Measuring Scales: Integration and Modularity in Complex Systems

Abstract

In this thesis, we investigate novel methods for studying complex systems at multiple scales. First, we develop an information-theoretic measure of multi-scale integration in multivariate systems. This quantifies the strength of interactions in subsystems of different sizes, where size is defined relative to some underlying distance metric. We apply this measure to MRI recordings of the human brain and show that it provides meaningful characterization of different brain areas. Second, we consider modularity, a pattern of organization in which systems are composed of weakly-coupled subsystems. We propose two different methods to identify modular decompositions of multivariate dynamical systems. The first is based on statistical learning of dynamics; it uses model selection to choose decompositions that optimize a trade-off between capturing dependencies (favoring large-scale modules) and model simplicity (favoring small-scale modules), with the trade-off controlled by a parameter representing the amount of available data. The second method is based on perturbations to system dynamics; it finds decompositions having subsystems that maximally constrain the spread of perturbations over time, with the time scale acting a resolution parameter. We apply the method to several non-linear dynamical systems and also show that it is a generalization of community-detection techniques based on random walks on graphs.
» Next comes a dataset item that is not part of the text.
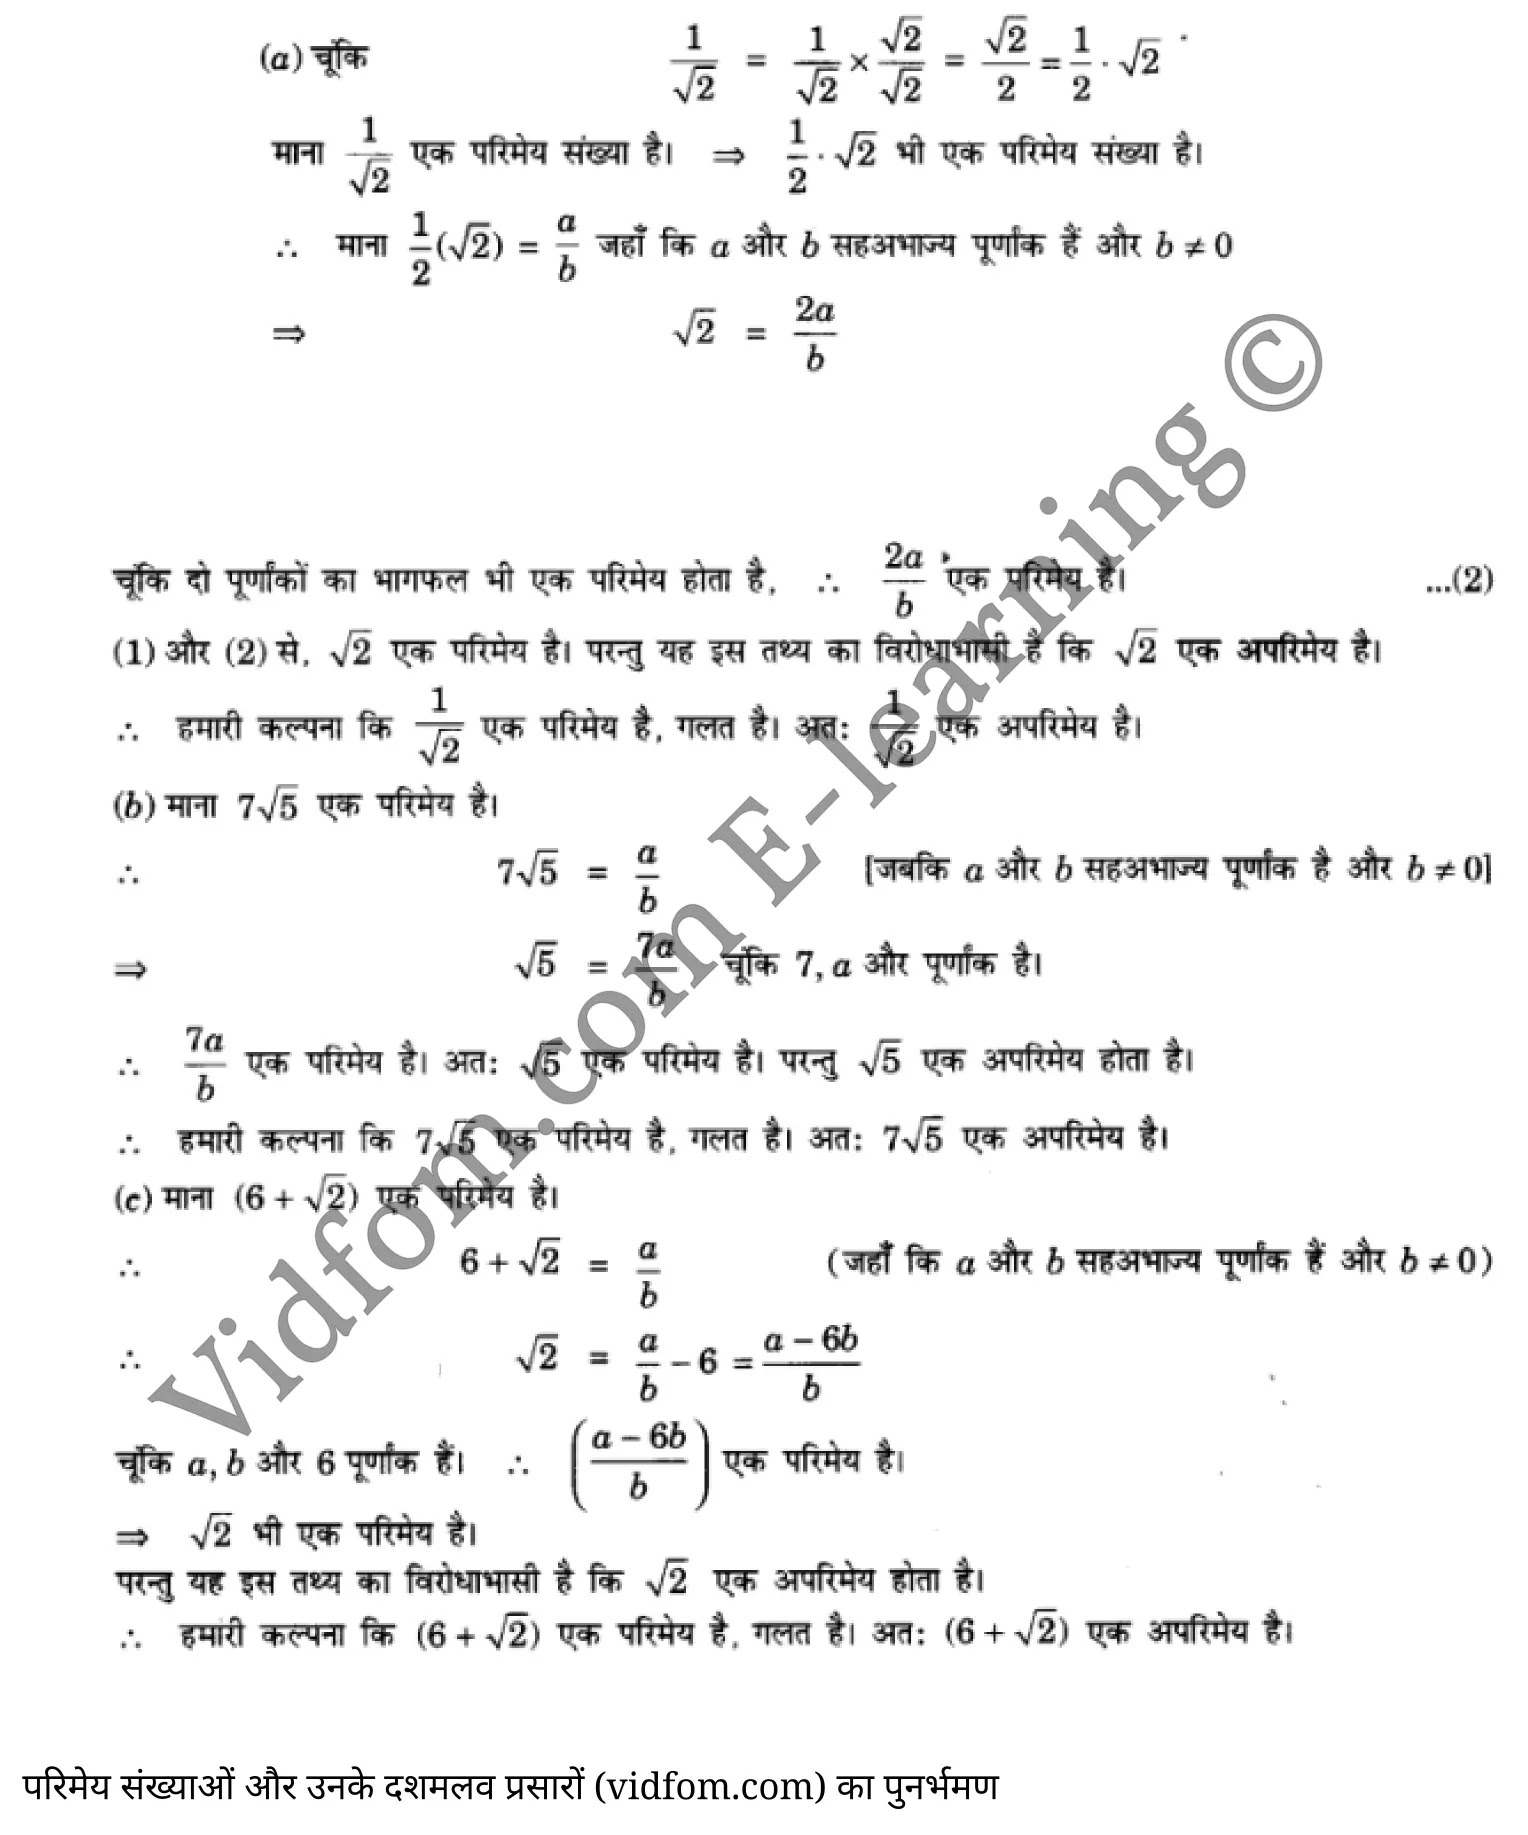 कक्षा 10 गणित  के नोट्स  हिंदी में एनसीईआरटी समाधान,     class 10 Maths chapter 1,   class 10 Maths chapter 1 ncert solutions in Maths,  class 10 Maths chapter 1 notes in hindi,   class 10 Maths chapter 1 question answer,   class 10 Maths chapter 1 notes,   class 10 Maths chapter 1 class 10 Maths  chapter 1 in  hindi,    class 10 Maths chapter 1 important questions in  hindi,   class 10 Maths hindi  chapter 1 notes in hindi,   class 10 Maths  chapter 1 test,   class 10 Maths  chapter 1 class 10 Maths  chapter 1 pdf,   class 10 Maths  chapter 1 notes pdf,   class 10 Maths  chapter 1 exercise solutions,  class 10 Maths  chapter 1,  class 10 Maths  chapter 1 notes study rankers,  class 10 Maths  chapter 1 notes,   class 10 Maths hindi  chapter 1 notes,    class 10 Maths   chapter 1  class 10  notes pdf,  class 10 Maths  chapter 1 class 10  notes  ncert,  class 10 Maths  chapter 1 class 10 pdf,   class 10 Maths  chapter 1  book,   class 10 Maths  chapter 1 quiz class 10  ,    10  th class 10 Maths chapter 1  book up board,   up board 10  th class 10 Maths chapter 1 notes,  class 10 Maths,   class 10 Maths ncert solutions in Maths,   class 10 Maths notes in hindi,   class 10 Maths question answer,   class 10 Maths notes,  class 10 Maths class 10 Maths  chapter 1 in  hindi,    class 10 Maths important questions in  hindi,   class 10 Maths notes in hindi,    class 10 Maths test,  class 10 Maths class 10 Maths  chapter 1 pdf,   class 10 Maths notes pdf,   class 10 Maths exercise solutions,   class 10 Maths,  class 10 Maths notes study rankers,   class 10 Maths notes,  class 10 Maths notes,   class 10 Maths  class 10  notes pdf,   class 10 Maths class 10  notes  ncert,   class 10 Maths class 10 pdf,   class 10 Maths  book,  class 10 Maths quiz class 10  ,  10  th class 10 Maths    book up board,    up board 10  th class 10 Maths notes,      कक्षा 10 गणित अध्याय 1 ,  कक्षा 10 गणित, कक्षा 10 गणित अध्याय 1  के नोट्स हिंदी में,  कक्षा 10 का गणित अध्याय 1 का प्रश्न उत्तर,  कक्षा 10 गणित अध्याय 1  के नोट्स,  10 कक्षा गणित  हिंदी में, कक्षा 10 गणित अध्याय 1  हिंदी में,  कक्षा 10 गणित अध्याय 1  महत्वपूर्ण प्रश्न हिंदी में, कक्षा 10   हिंदी के नोट्स  हिंदी में, गणित हिंदी  कक्षा 10 नोट्स pdf,    गणित हिंदी  कक्षा 10 नोट्स 2021 ncert,  गणित हिंदी  कक्षा 10 pdf,   गणित हिंदी  पुस्तक,   गणित हिंदी की बुक,   गणित हिंदी  प्रश्नोत्तरी class 10 ,  10   वीं गणित  पुस्तक up board,   बिहार बोर्ड 10  पुस्तक वीं गणित नोट्स,    गणित  कक्षा 10 नोट्स 2021 ncert,   गणित  कक्षा 10 pdf,   गणित  पुस्तक,   गणित की बुक,   गणित  प्रश्नोत्तरी class 10,   कक्षा 10 गणित,  कक्षा 10 गणित  के नोट्स हिंदी में,  कक्षा 10 का गणित का प्रश्न उत्तर,  कक्षा 10 गणित  के नोट्स, 10 कक्षा गणित 2021  हिंदी में, कक्षा 10 गणित  हिंदी में, कक्षा 10 गणित  महत्वपूर्ण प्रश्न हिंदी में, कक्षा 10 गणित  हिंदी के नोट्स  हिंदी में, गणित हिंदी  कक्षा 10 नोट्स pdf,   गणित हिंदी  कक्षा 10 नोट्स 2021 ncert,   गणित हिंदी  कक्षा 10 pdf,  गणित हिंदी  पुस्तक,   गणित हिंदी की बुक,   गणित हिंदी  प्रश्नोत्तरी class 10 ,  10   वीं गणित  पुस्तक up board,  बिहार बोर्ड 10  पुस्तक वीं गणित नोट्स,    गणित  कक्षा 10 नोट्स 2021 ncert,  गणित  कक्षा 10 pdf,   गणित  पुस्तक,  गणित की बुक,   गणित  प्रश्नोत्तरी   class 10,   10th Maths   book in hindi, 10th Maths notes in hindi, cbse books for class 10  , cbse books in hindi, cbse ncert books, class 10   Maths   notes in hindi,  class 10 Maths hindi ncert solutions, Maths 2020, Maths  2021,

These approaches to studying multi-scale integration and modularity are novel: while measures of multi-scale integration have been investigated theoretically, they have not been extended to consider real-world, spatially-embedded systems; on the other hand, while much work has been done on identifying modular decompositions in real-world graphs, the problem has received little attention in the domain of multivariate dynamical systems. Thus, our work provides new tools for analyzing multivariate dynamics and time-series.